School sale paused for public comment

2016-05-10 06:00

The sale of the former Tafelberg School property in Sea Point to the Phyllis Jowell School has been halted.

This follows an order of the Western Cape High Court after organisation Ndifuna Ukwazi took the provincial government to task, claiming they had not followed the correct legal requirements for the sale of the land.

Ndifuna Ukwazi is looking for the property to be used for affordable housing instead of a school.

A 21-day public comment and objection period is set to open, after which the provincial cabinet will decide if the sale should continue.

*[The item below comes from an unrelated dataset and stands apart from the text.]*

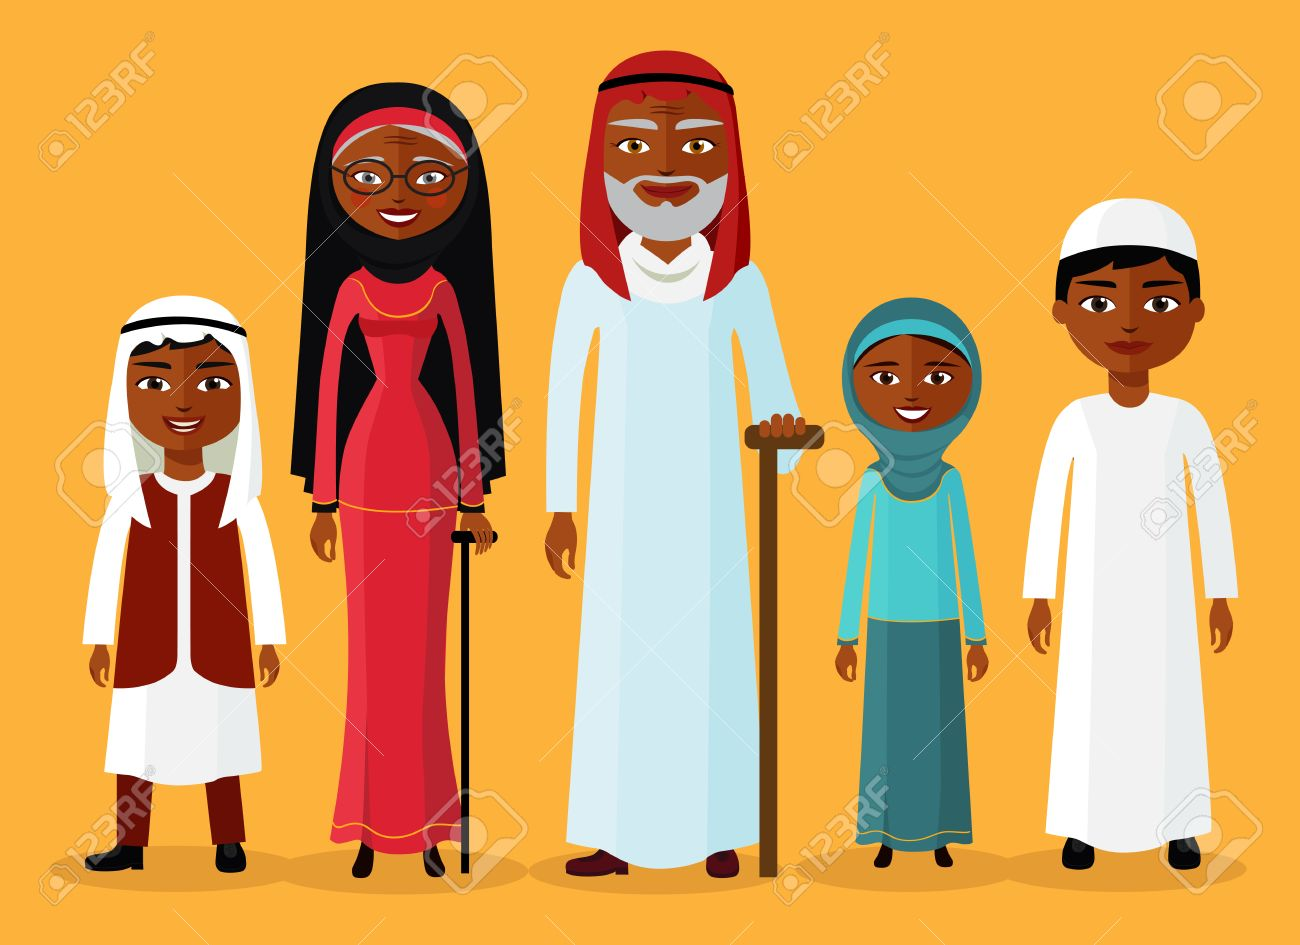 Petit Fils Arabe Petite Fille Grand Mère Et Grand Père Debout Ensemble Et Sourire Musulman Dessin Animé Famille Vecteur De Caractères

“We are committed to ensuring that anyone who seeks an opportunity for comment should be able to have it taken into account before the provincial government makes a rational decision about how best to utilise its assets to the best advantage of citizens,” commented Premier Helen Zille in a newsletter.

The property was to be sold by the provincial public works department for R135m, department spokesperson Byron la Hoe previously told People’s Post (“New school at Tafelberg”, 26 January).

“In its tender documents, the Phyllis Jowell School indicated that the property would be used for a mixture of purposes – that is, educational, recreational, cultural, community and commercial purposes.”

In March 2014, the property – along with three other provincially owned sites – was advertised for development by private sector investors in partnership with the provincial government.

The site formerly known as the Tafelberg Remedial High School consists of two separate erven of 1,7 hectares.

The property was presented to investors with the proposal of a mixed-use development, which would have included the creation of 155 residential units.

In the proposal, the historical facade was to be preserved and a park created in front of the building.

About 20 parties expressed interest in the development of the site (“Designs on development”, 15 May 2014, People’s Post).

However, the property was declared surplus to government needs and sold, says La Hoe.

The transfer of the property was expected within months, deputy chairperson of the board of governors of the school, Lance Katz, previously told People’s Post.

The Phyllis Jowell School has been looking for an alternative site for some time and was influenced to make an offer on the site by broader community needs and considerations, he says.

Plans have not yet been finalised for the property, but the school has set up a working committee to evaluate the best use of the site, Katz says.

The pupils of Tafelberg School moved to their new school building in 2010, which merged the primary and high schools.

The building has been standing empty since then.